Auch wenn gerade alle, über eisige Finger, Füße oder Hintern jammern, und man morgens am liebsten zurück unter die Bettdecke flüchten würde, statt bibbernd das Haus zu verlassen, bin ich fest entschlossen, meine Schlittschuhe zu schnüren. Endlich kann ich auch mal wieder draußen in der Natur laufen, statt meine Bahnen in einer Eissporthalle brav im Kreis zu drehen.
Früher hoffte ich, dass es so richtig kalt wird
Reicht eine lange Unterhose? Ein paar Socken oder besser zwei? Am Ende entscheide ich mich für die klassische Winterausstattung: einmal Skiunterwäsche, warme Socken plus Wollpulli, Schal, Mütze und extradicke Handschuhe.
Als Jugendliche und später als Studentin in Berlin hatte ich meine Hoch-Zeit als Eisläuferin. Ich war so passioniert, dass ich im Winter nur darauf wartete, dass es so richtig kalt wird. Das Ganze ging so weit, dass ich sogar an manchen Tagen, wenn die Freunde keine Zeit hatten, stundenlang allein Eislaufen übte.
Die Füße in Kurven elegant voreinander zu platzieren, studierte ich mühsam ein – ebenso wie den Rückwärtsgang samt Wechsel der Fahrtrichtung während des Laufens.
Dass meine Künste zwischenzeitlich etwas eingerostet sind, merke ich, als ich die ersten Gleitversuche auf gefluteten Wiesen, den Kaiserteichen in Hanau, unternehme. Der Wagemut von früher, einfach drauflos zu fahren und auch mal einen Sturz zu riskieren, hat mich verlassen.
Unheilverkündendes Knacksen
Doch nach ein paar Runden läuft es besser. Das Gefühl dafür, wie ich mein Körpergewicht einsetze, um möglichst guten Halt auf dem Eis zu haben, kommt wieder. Ich lege mich in die Kurven, einmal rechtsherum, dann wieder linksherum, umfahre weitsichtig ein Loch im Eis am äußeren Rand der zugefrorenen Fläche und weiche den vielen kleinen Kindern aus, die gerade erst Schlittschuhfahren gelernt haben.

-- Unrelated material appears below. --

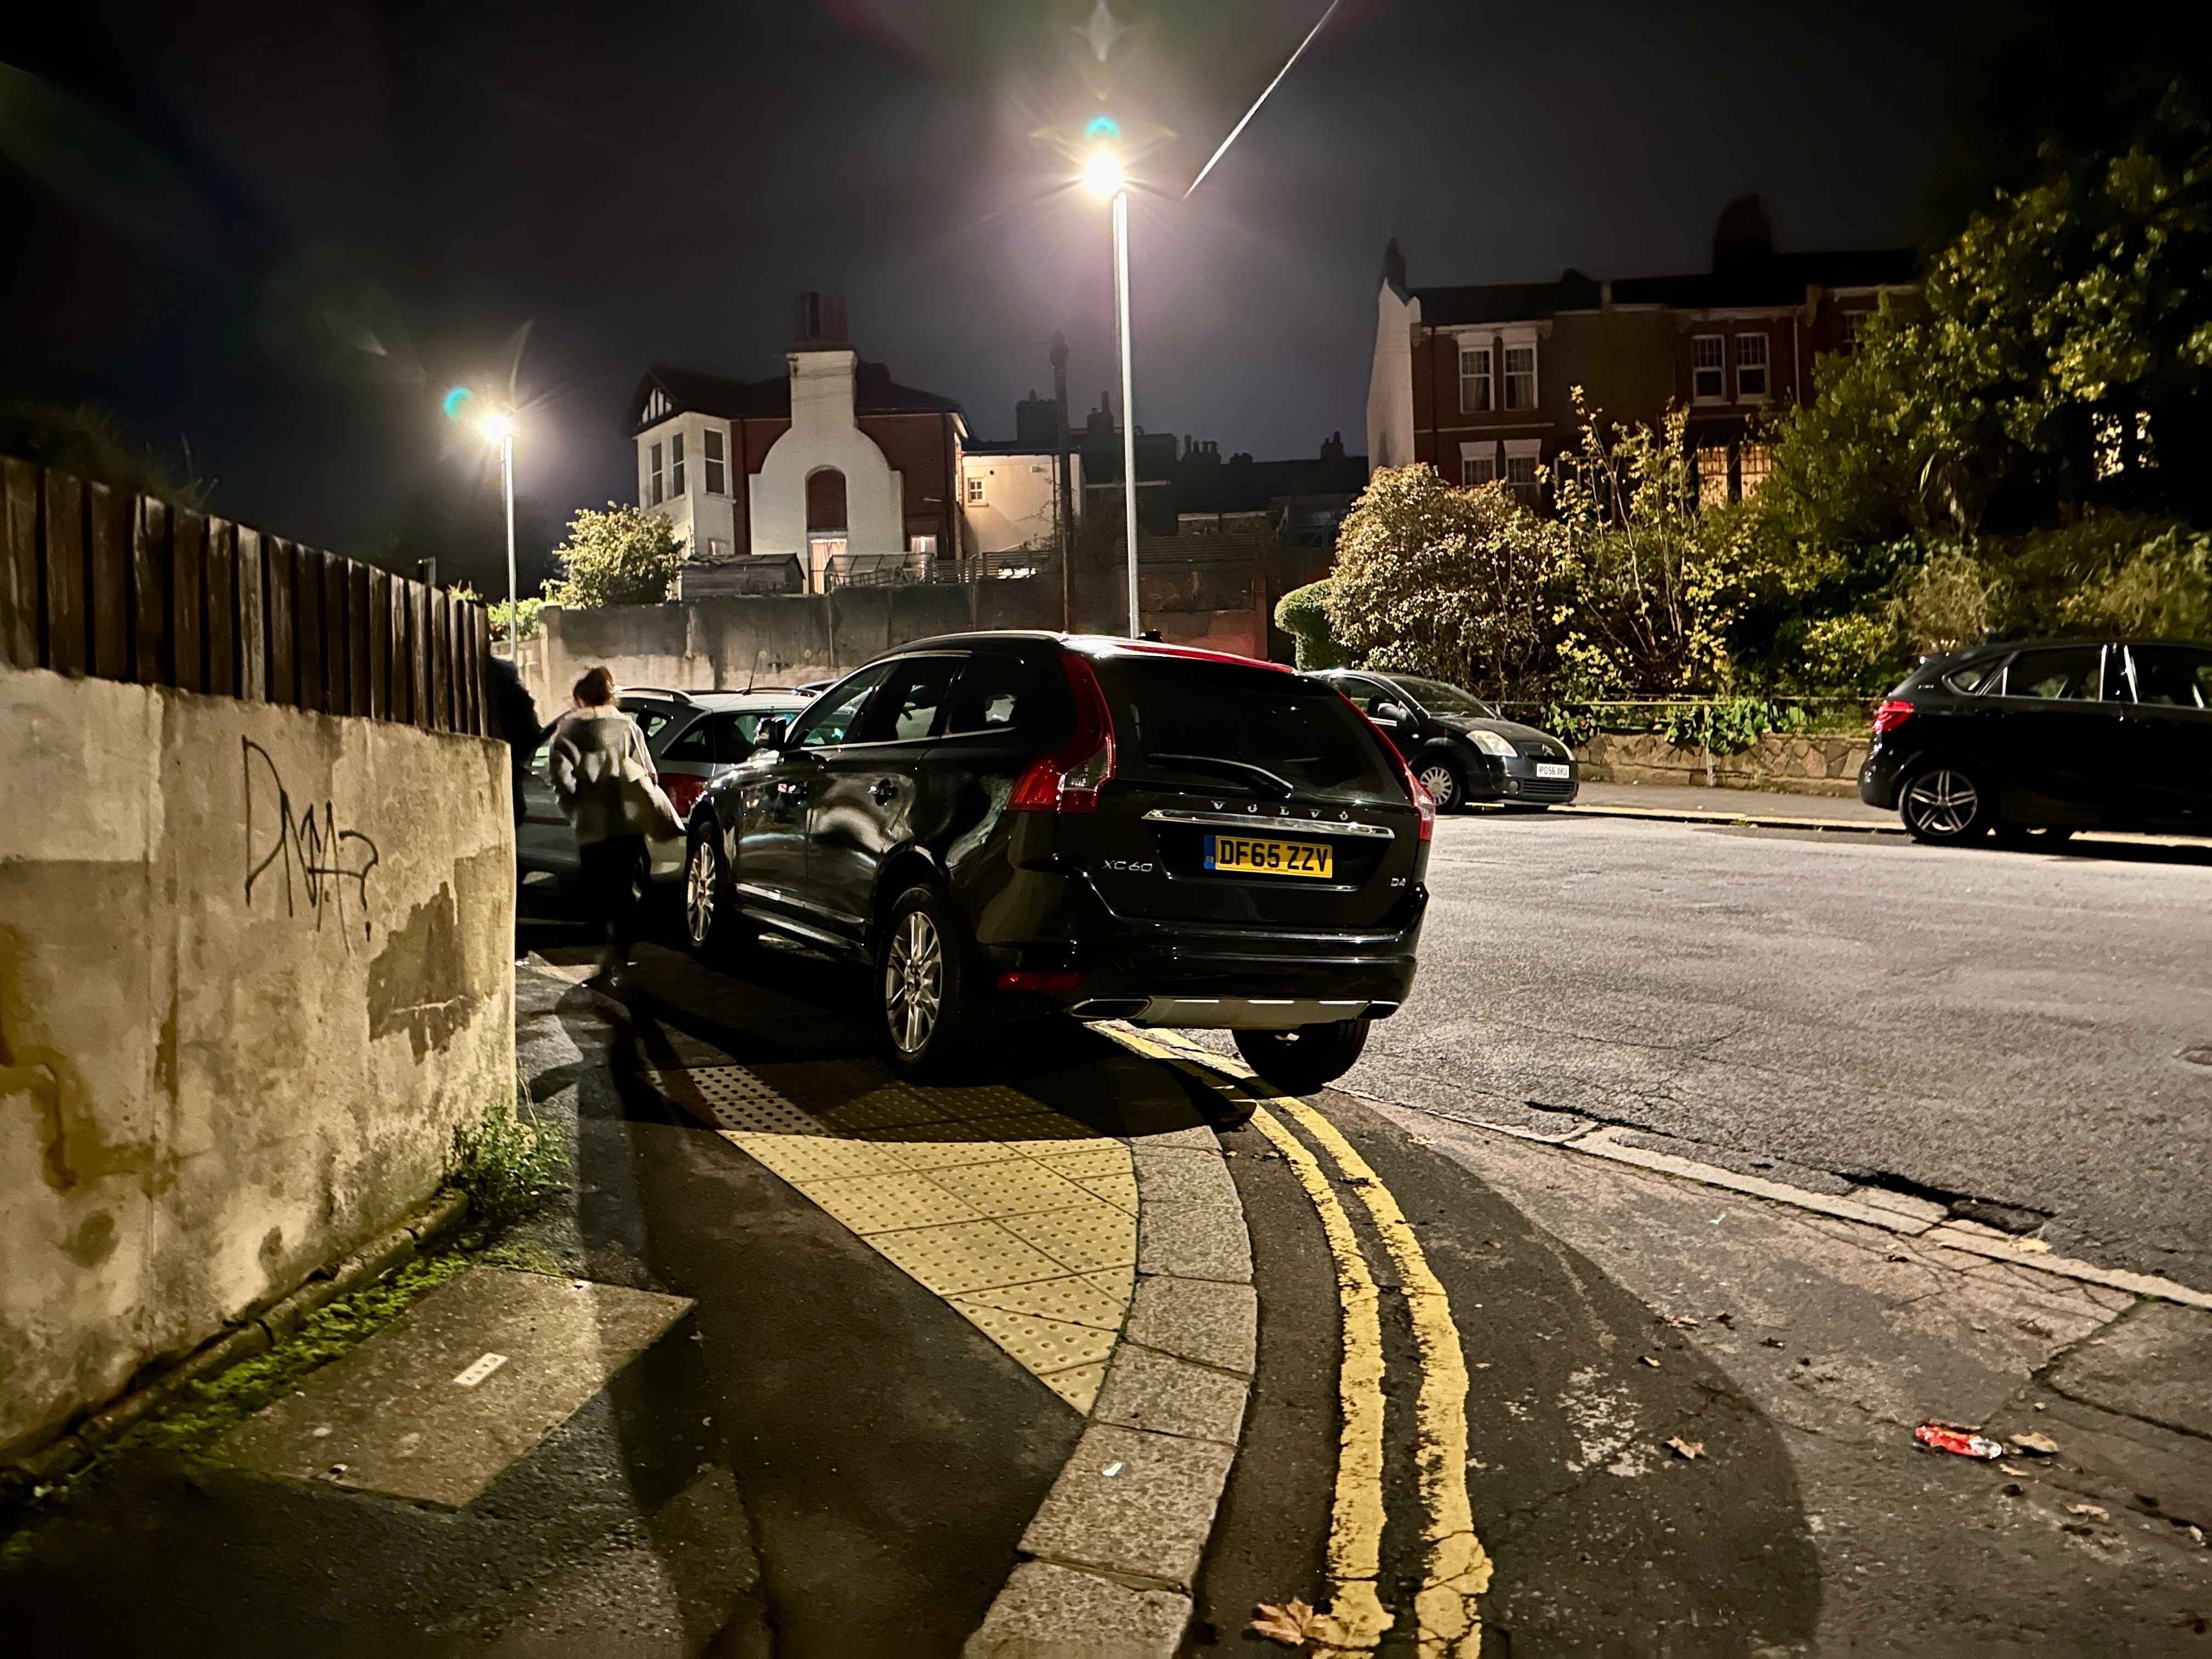 Photograph of DF65 ZZV - a Black Volvo XC60 parked in Hollingdean by a non-resident. The first of eight photographs supplied by the residents of Hollingdean.

Einige der jüngeren Läufer sind schon sehr talentiert, bemerke ich. Ein Junge neben mir springt während der Fahrt in die Luft und streckt dabei ein Bein nach hinten aus. Das schaut gut aus, doch mein Versuch, das Kunststück nachzumachen, gelingt nicht. Ich hebe einfach nicht weit genug vom Eis ab. Voller Respekt lobe ich den Nachwuchs für diese Leistung. „Ich turne und das hilft mir jetzt auch beim Eislaufen“, sagt er.
Einen Schreck bekomme ich, als ich kurz ein unheilverkündendes Knacksen höre. Zuvor habe ich einige tiefe Risse im Eis bemerkt, doch bei dem seit gut einer Woche anhaltenden Frost ist die Gefahr einzubrechen gering. Und selbst wenn – bei etwa knietiefem Wasser besteht keine Lebensgefahr. Um den Füßen ein Eisbad zu ersparen, sollte man trotzdem vorsichtig sein, wie diese Erfahrung zeigt.
Wie im Flug vergeht die Zeit, es wird langsam dunkel und am Himmel hängt schon der Mond. Ich gleite dahin, atme die klare Luft ein. Kalt ist mir kein bisschen, durch die Bewegung wird mir wohlig warm. So macht der Winter richtig Spaß.